The Fight For Independence – Part II (The Americans)


Continuing from Part One of my AWI-DBA project, here are the American units, again wonderfully painted by Paul Potter:

The Skirmishers (Kentucky rifle armed militia and dismounted Dragoons)


The American Commanders (HQ or CnC element on left)


Continental Light Dragoons (Col. Washington)


The Artillery (Left – Continentals on 6PDr and Militia on 3Pdr)


The Continentals (Regular Foot)


The two elements in right rear are painted as Maryland line (and can represent one large or two smaller regiments, e.g. the 1st and 2nd Maryland).  The two elements at right front are in hunting shirts and depict line units from Virginia.  The balance are generic continental regulars.

American Militia Companies


More militia than you can shake a stick at, painted here in drab colors intended to reflect the hardy settlers of Virginia, the Carolinas and Georgia who fought with Nathanael Greene and under such notable militia leaders as Daniel Morgan, Andrew Pickens, Francis Marion, and Thomas Sumter.

No French allies (yet), but there’s room for 2-3 more elements in my storage box for a future addition.
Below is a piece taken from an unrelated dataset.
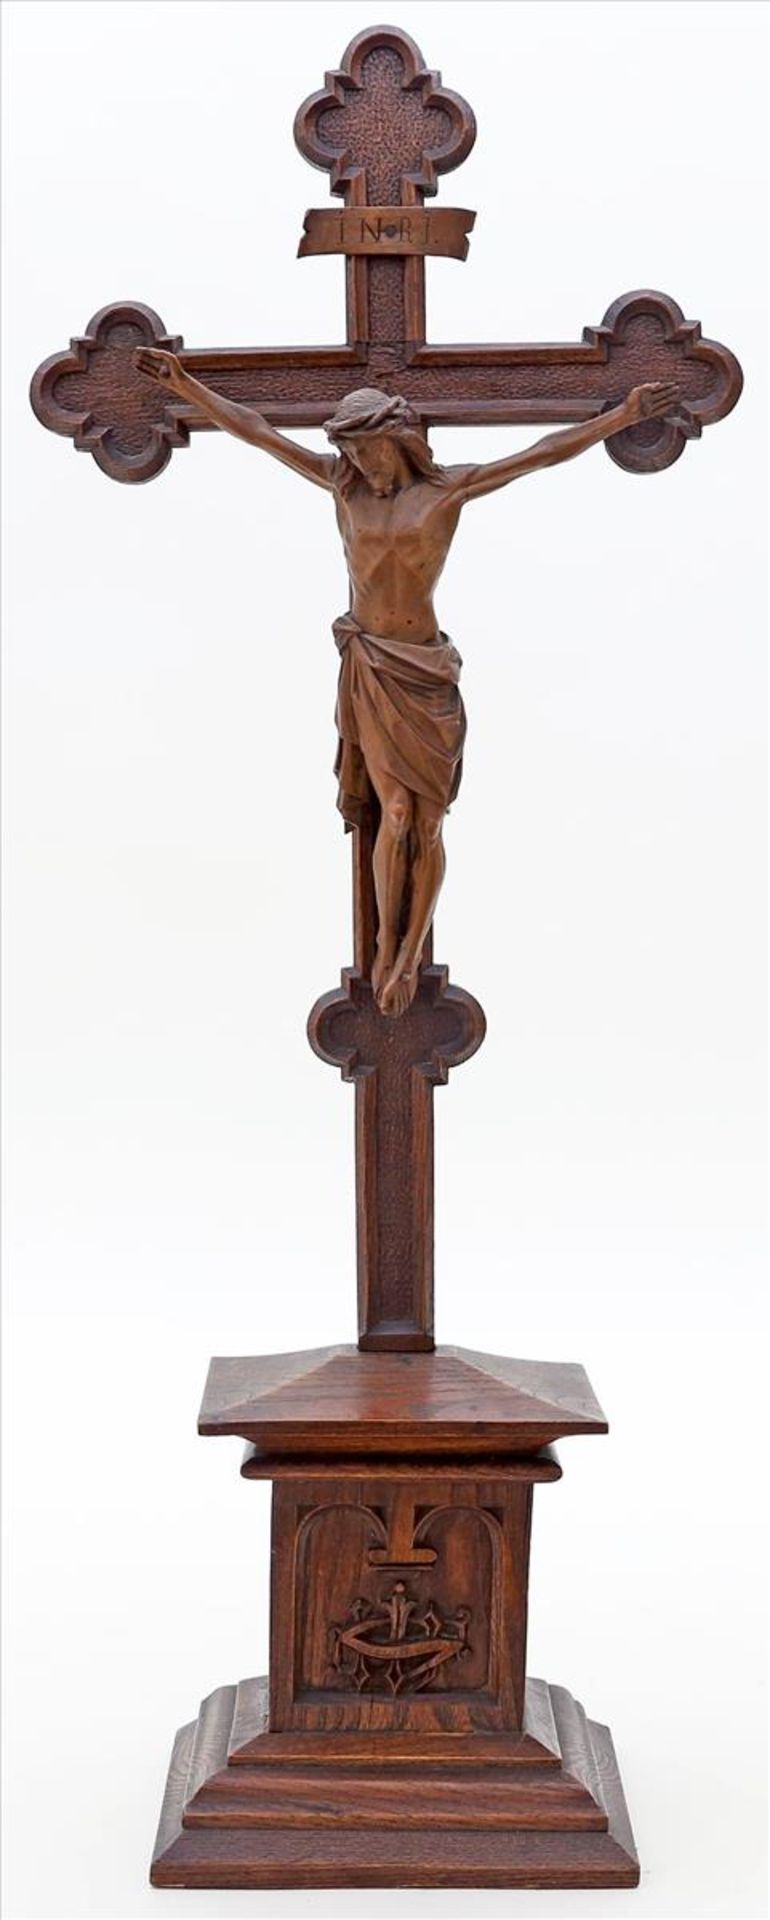 Standkruzifix.Eiche, braun gebeizt. Geschnitzter Christus an detailiert gearbeitetem Kreuz und mit

Astute viewers of both posts will note that regimental units (especially the British) are depicted with two elements, instead of the normal one.  This was my tip of the hat to the disproportionate unit sizes that appeared frequently in the AWI, with many U.S. forces comprised of assorted militia companies and detachments from continental regiments fighting British forces comprised of units often fielded at regimental or battalion strength (minus their lights and grenadiers).  My thought is that a two element unit costs the same as two one element units of the same type; can move both elements as a group for one pip; and doubles the number of hits it can take…giving the British units greater resilience than their American counterparts.  It also allows me to play with formations…with a two element regular unit switching from line to column (or vice versa) or even square for a 1 pip move.  Each element shoots independently, but a two element column fights at +1 and shoots as one element.  Just something to test out in hopes of adding some historical flavor.